H.R. 1522: Online Financial Aid Information Act
The bill would promote the availability and use of the federal student financial aid Web site of the Education Department.

H.R. 1467: 10,000 Trained by 2010 Act
The bill would authorize the National Science Foundation to award grants to higher education institutions to develop and offer education and training programs. It would allocate $3.5 million for 2008 fis­cal year grants and increase the amount by $100,000 each year through 2011.

H.R. 990: Pell Grant Equity Act
The bill would increase Pell Grant scholar­ships by an average of $108 for approxi­mately 96,000 students beginning in the 2007–08 academic year. It would also make more low-income students eligible for the program by eliminating the “tuition sensitivity” provision, which restricts awards for students attending low-cost provisions.
The House passed the bill Feb. 27 by a voice vote.

S. 899: Maximum Pell Grant
The bill would amend section 401(b)(2) of the Higher Education Act regarding the Federal Pell Grant maximum amount. The maximum Pell Grant is currently funded at $4,130. Under the proposed bill, this amount would increase incrementally each year up to $11,600 for the 2011–12 academic year. Sen. Chris Dodd (D-Conn.) bill’s is cosponsored by Senators Barbara Mikulski (D-Md.), Patty Murray (D-Wash.), Bernie Sanders (I-Vt.), Dick Durbin (D-Ill.), Akaka (D-Hawaii), Joe Lieberman (ID-Conn.), Carl Levin (D-Mich.), and Maria Cantwell (D-Wash.).
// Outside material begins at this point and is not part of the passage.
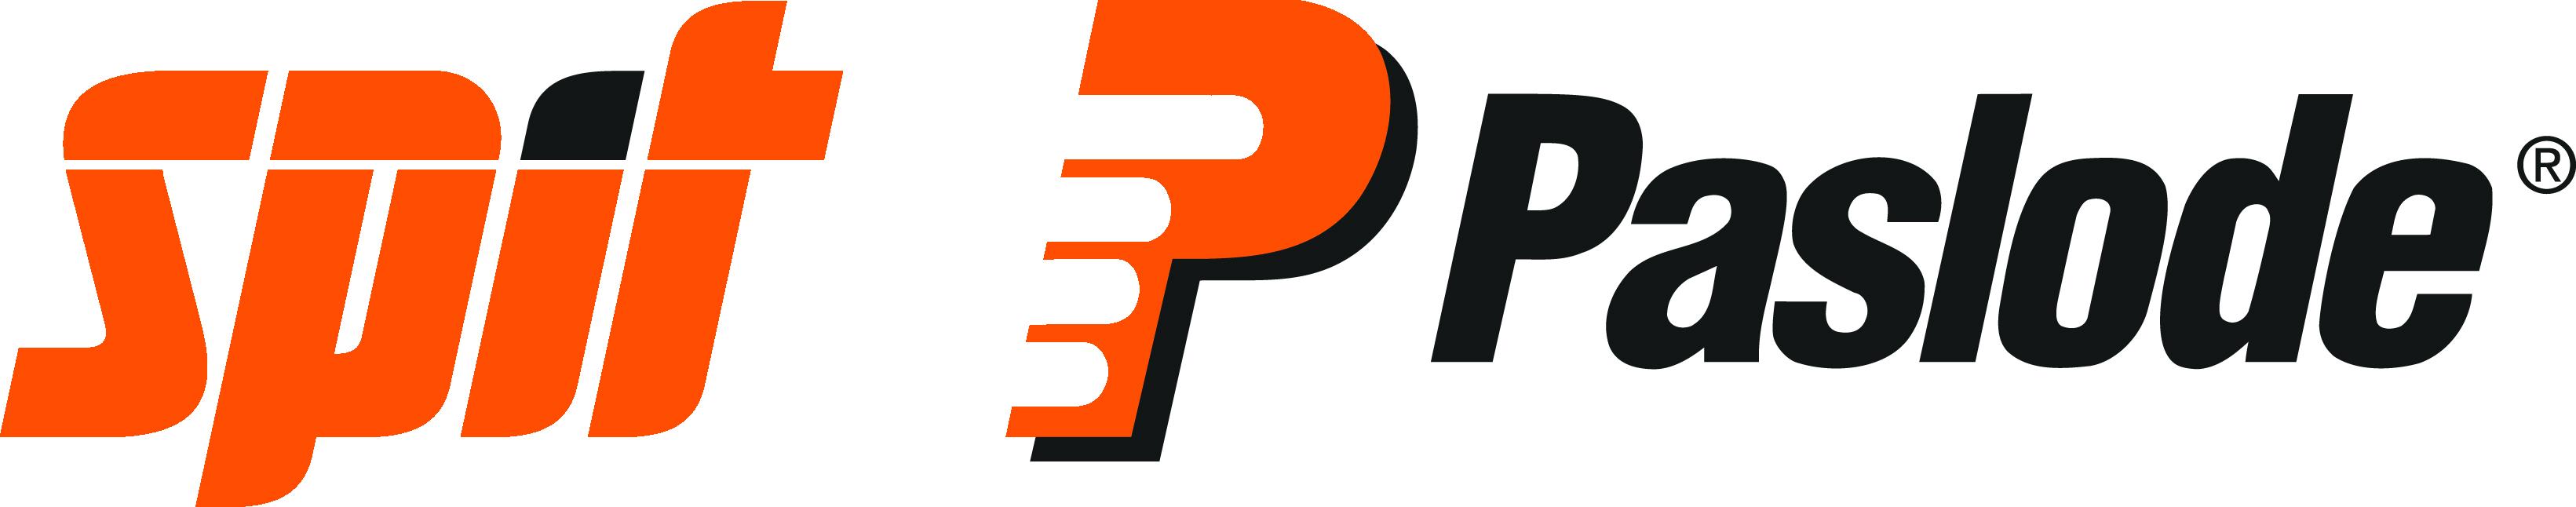 SPITPASLODE_RGB_Fond BLANC.JPG

S. Res. 105: Campus Fire Safety Act
The bill would designate September 2007 as “Campus Fire Safety Month.”

S. 851: Higher Education Tax Credit Act
The bill would provide a higher educa­tion opportunity credit in place of existing education tax incentives.

S. 938: ACCESS Act
The Accessing College through Comprehensive Early Outreach and State Partnerships Act (ACCESS Act) would authorize $500 million in federal grant funding to spur states to provide more students with need-based financial aid. Sen. Jack Reed’s (D-R.I.) Free Application for Federal Student Aid Act would make it easier for more students to qualify for financial assistance and simplify the application process. FAFSA is a form that must be filled out for students to get federal financial assistance such as grants, loans, and work-study jobs. Co-sponsored by Senators Susan M. Collins (R-Maine), Ted Kennedy (D-Mass.), Patty Murray (D-Wash.), and Bernie Sanders (I-Vt.).

S. 939: FAFSA Act
The bill calls for the creation of a short, paper Free Application for Federal Student Aid (EZ-FAFSA) for low-income students, as well as a tailored Web-based application form to ensure that all students and their parents answer only the questions needed to determine financial aid eligibility in the state in which they reside. Students who do not have Web access will be able to use a free telefile system for filing by phone.